= Mariam Saab =

Lebanese-Australian journalist and television presenter

Mariam Saab is a Lebanese-Australian journalist and television presenter. Saab is a news presenter on ABC News.

==Background==
Saab was born in Sydney, New South Wales, in a Lebanese-Australian family. She grew up in the Sutherland Shire and attended Illawong Public Primary School followed by The McDonald College performing arts high school.

Her mother, Majida Abboud-Saab, migrated to Australia from Beirut in 1967 aboard RHMS Patris and became a prominent Arabic-language broadcast journalist. A former SBS Arabic language executive producer, Abboud-Saab is widely regarded as having put the world's first dedicated multicultural public television channel to air.

==Career==
In 2004, Saab began her career at SBS Radio as a broadcaster for Alchemy, the station's national youth news, current affairs and music program.

During a stint in the Middle East, Saab was a journalist for the Lebanese Daily Star newspaper. Her work included coverage of continued poverty in the country, and was reported in policy briefings. During this period, Saab also worked as a freelance producer for Al Jazeera English, France 24, SBS TV and the Australian Broadcasting Corporation (ABC) with assignments in Doha, Tunisia, Beirut and Paris.

Saab was one of the organisers of the Beirut Music and Art Festival, featuring 200 local and international artists, including headliners Sister Sledge, Roger Hodgson and Earth Wind and Fire.

From around 2014 to 2018, Saab lived in Paris, where she was an English-language news and programs presenter for France 24, a global French-government-owned TV channel. She covered the November 2015 Paris attacks and their aftermath. She also frequently appeared as a music critic for France 24's Arts program, Encore, reporting on music trends from destinations including Tripoli and Beirut, and interviewed high-profile artists and entertainers including Australian music icon Paul Kelly.
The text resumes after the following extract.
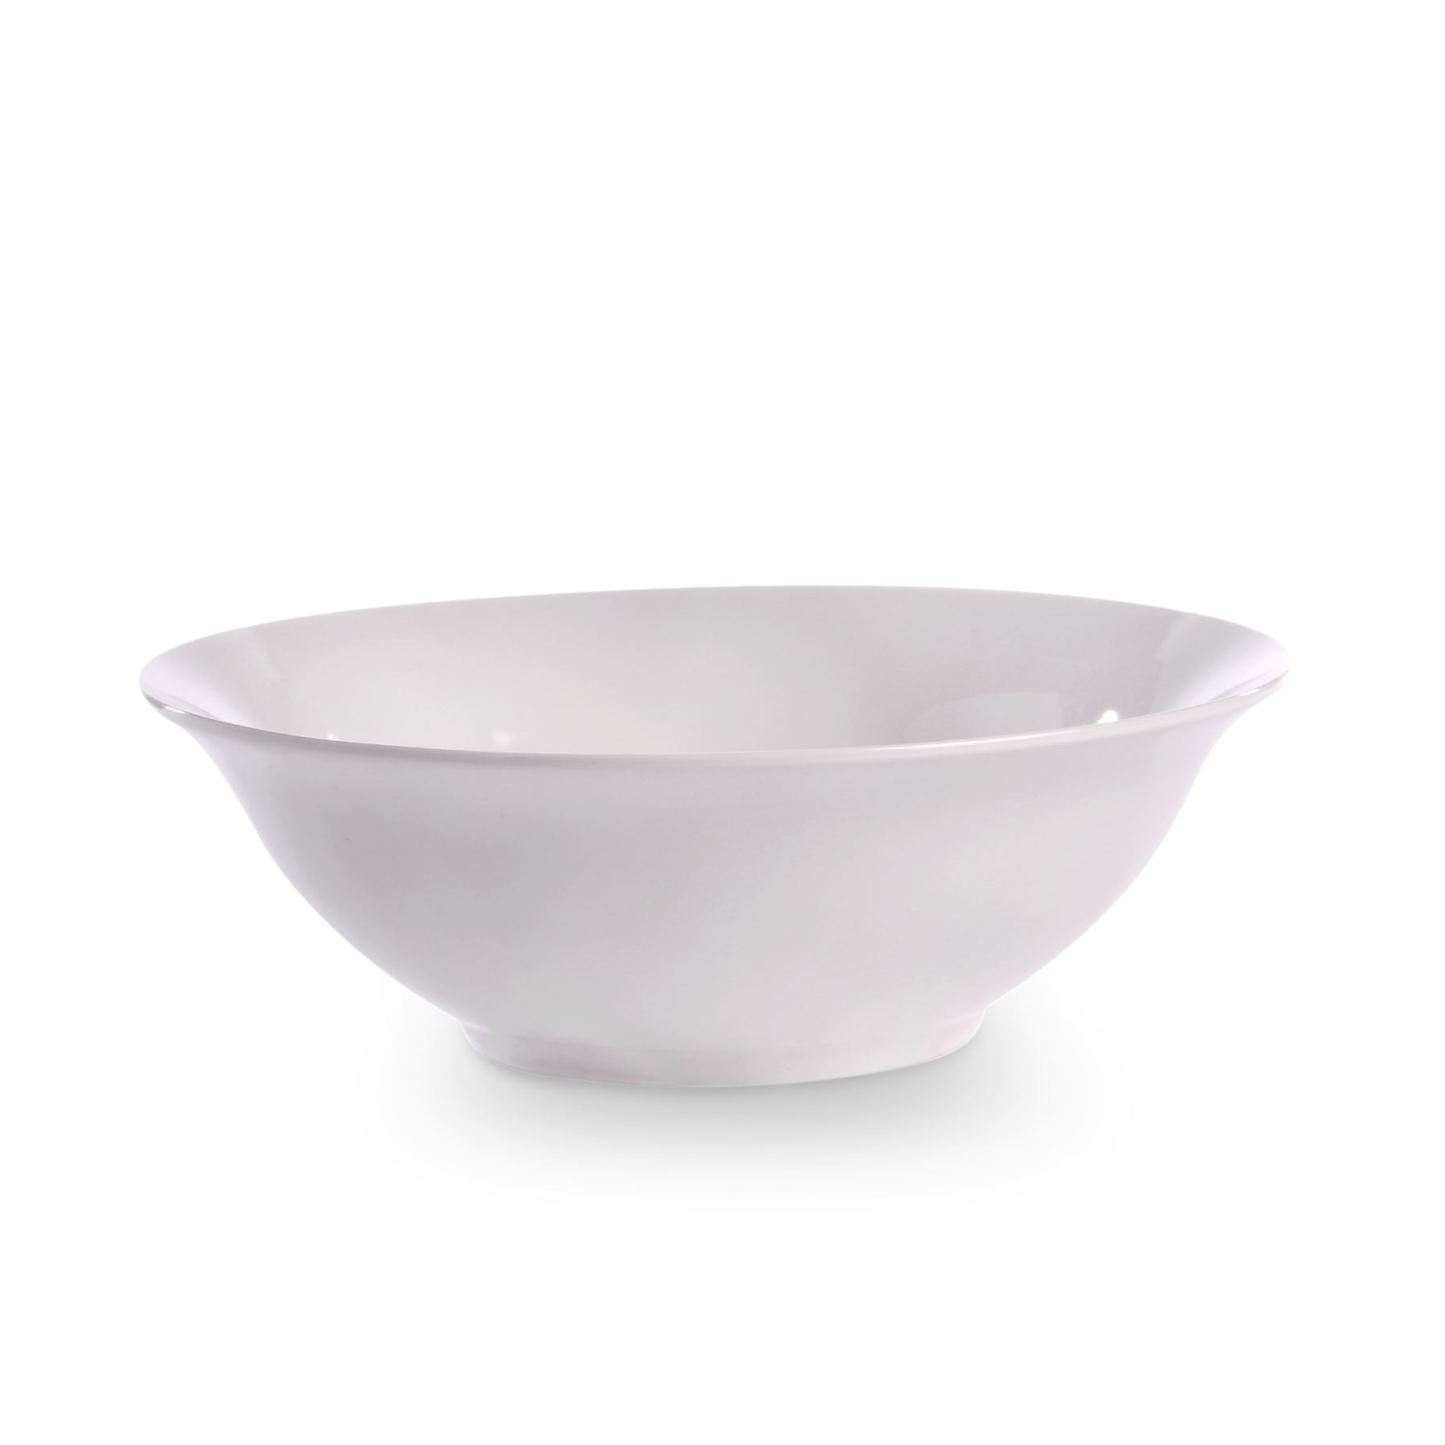 White Serving Bowls - Set of 4 | M&W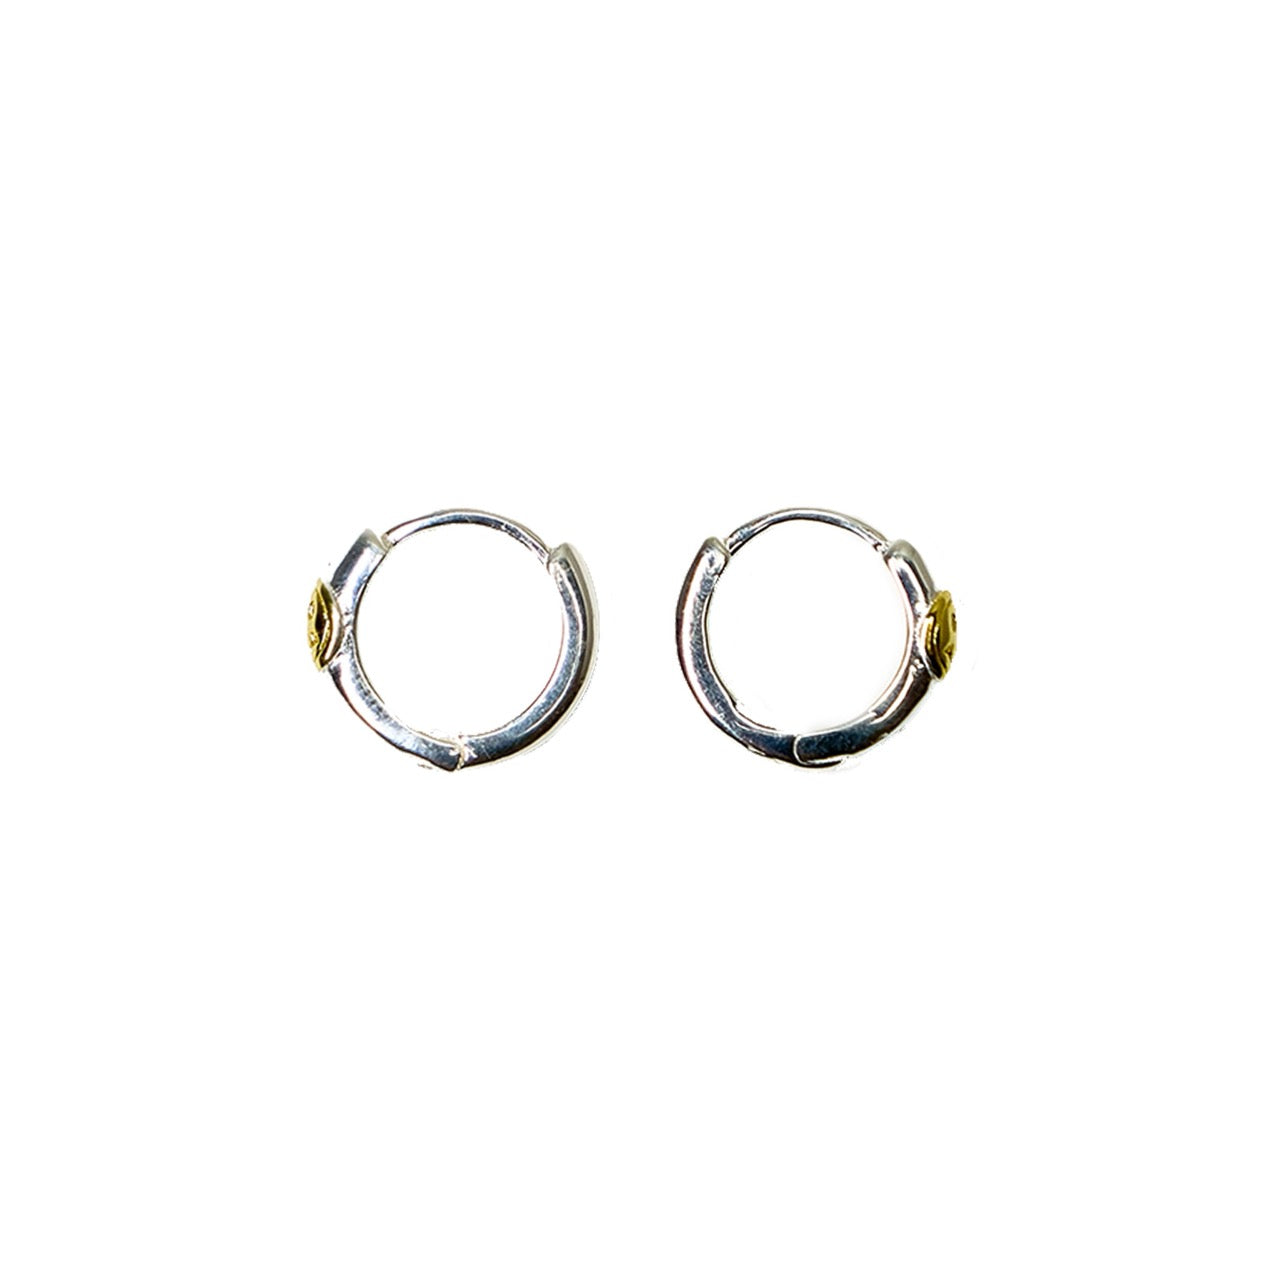 Smiley Hoop Earrings in Sterling Silver

Since 2019, Saab has presented for Australia's national ABC News channel, appearing as an evening news anchor. She covered the worst of the 2019–20 Australian bushfire season. Her work has also appeared on various ABC digital platforms.

==In the media==
In September 2020, Saab featured in the Australian edition of Marie Claire, commenting alongside a diverse group of high-profile Australians about their hopes and dreams for the Australian nation and its growing need for change when it comes to much of the country's cultural, social and environmental framework.

In the December 2020 edition of Australian Marie Claire, Saab featured alongside her husband and their two children in a portfolio of candid moments honouring the COVID-19 pandemic year that was, and joining in celebration of family, high fashion and frills fit for the festive season.

==Personal==
Saab is married to Franco-Lebanese musician Rami Khalifé. The couple met when she interviewed him for SBS broadcasting during a music tour in Australia in 2009.

Saab is praised for her fashion sense on screen.